Well I'm back from working out of town in Louisiana. And I have to say I miss it. Yes I missed my home, family and friends while I was away. But I guess I miss the work environment and my guy friends - that are off and working in Texas for the next 9-12 months. So sad!

Here's some pics off this last trip:

Last week I went into New Orleans to take some after photos of a church we had restored that had been fire damaged. Here's some photos of it - it truly is beautiful. We were invited to attend their 160th anniversary mass. Complete with a mariachi band!



Although it was not all work all of the time. After taking these photos at the church we ventured to the French Quarter for lunch and I some site seeing.

I spotted this old advertisement printed on the side of a building:
This is the box office at the House of Blues:
On our way back from a church that was off of the beaten path we stopped here at these abandoned slave quarters. Scenes from the movie Ray were filmed here. To me it is so amazing and sad to think that these cabins still stand amidst the same sugar cane fields that were harvested so many years ago.

Fields of sugar cane line both sides of the road for miles:

Rows of cabins are in a line just beyond the sugar cane fields:

We drove to Texas one morning - 3 1/2 hours each way.
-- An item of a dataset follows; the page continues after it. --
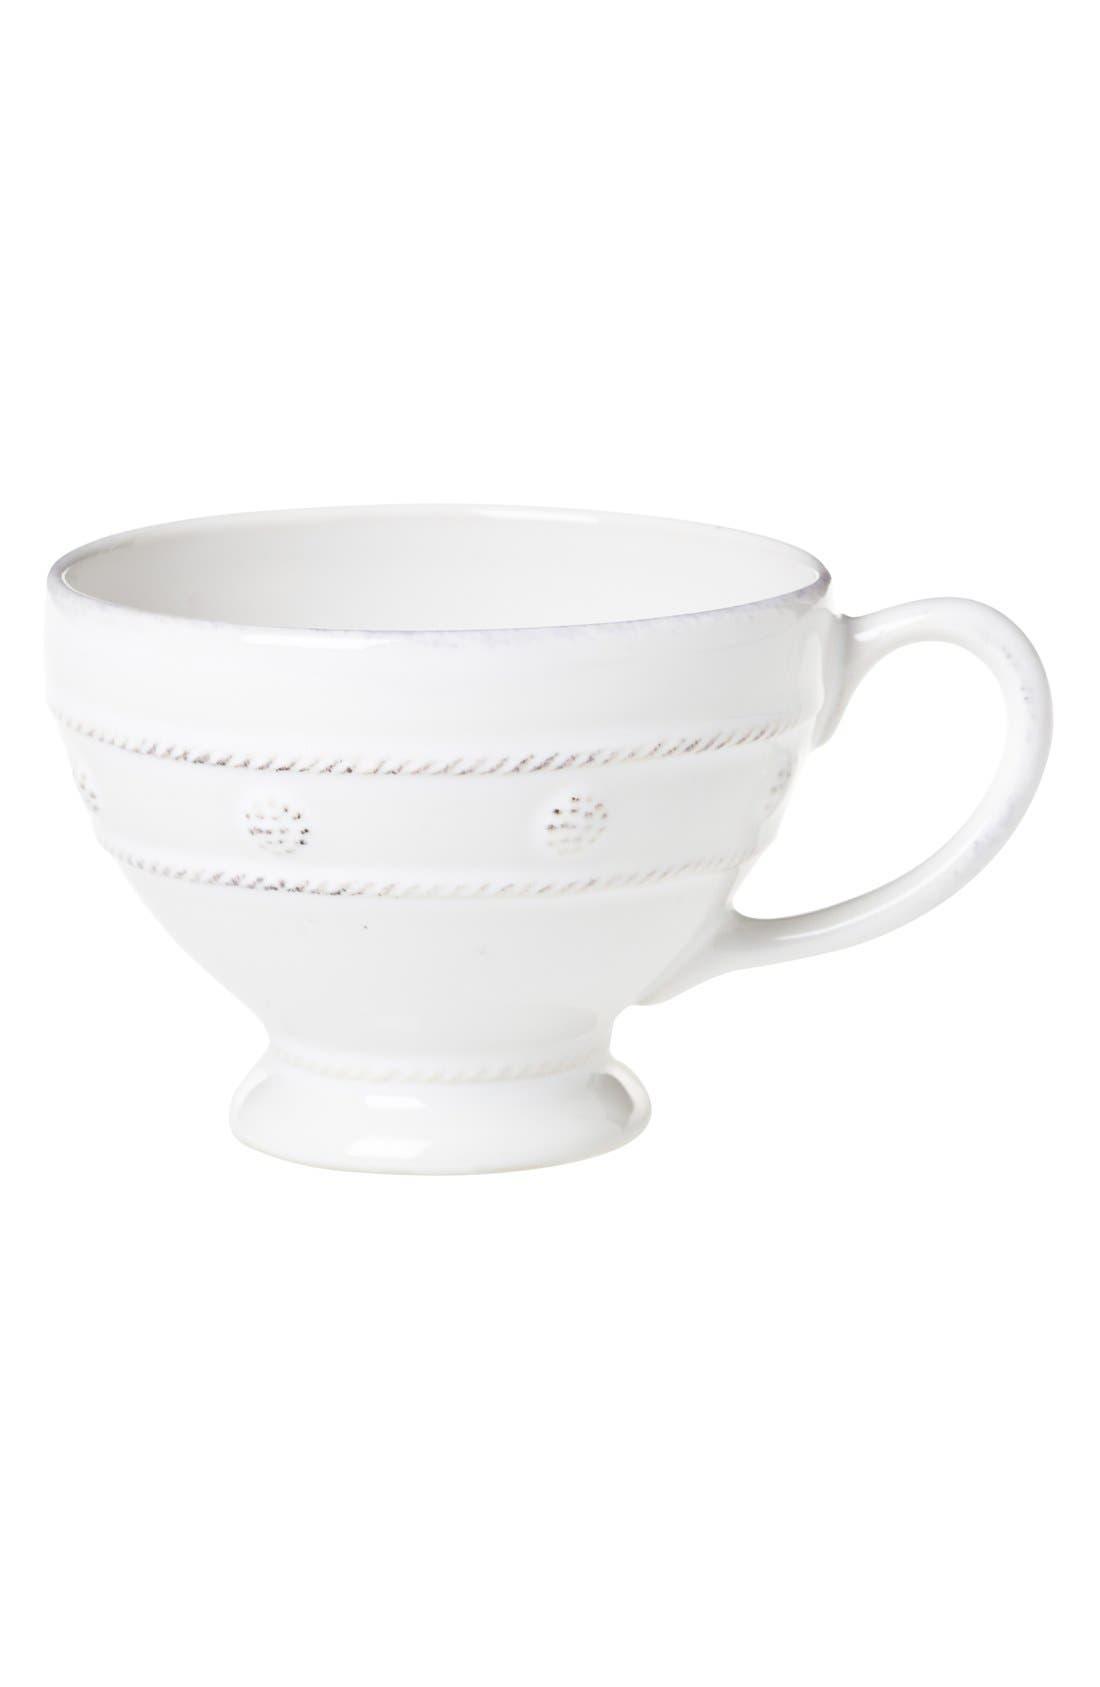 Main Image - Juliska'Berry and Thread' CeramicCoffee Mug

Needless to say I had photo in hand for anything interesting:

And whadya know - Gibson, LA:

I believe this is a sugar cane refinery:
We ended a lot of our evenings with a night cap from here: a drive thru daiquiri shop! O the novelty of driving up to a take out window for a yummy slushing daiquiri. This would so not work in Pennsylvania! They taped the straw to the cup and it was considered a closed container - so strange to this Yankee!
All in all it was a lot of work - but the down time we had was well deserved and spent!

1 comment:

Anonymous said...

The cabins are most likely not slave quarters. These are "company houses" which were provided for transient farm workers. Slave cabins would not have been this nice with two brick chimney's ... usually only one, and sometimes made of stone or mud. Also, unpainted wooden structures will rarely last 150-200 years in this climate.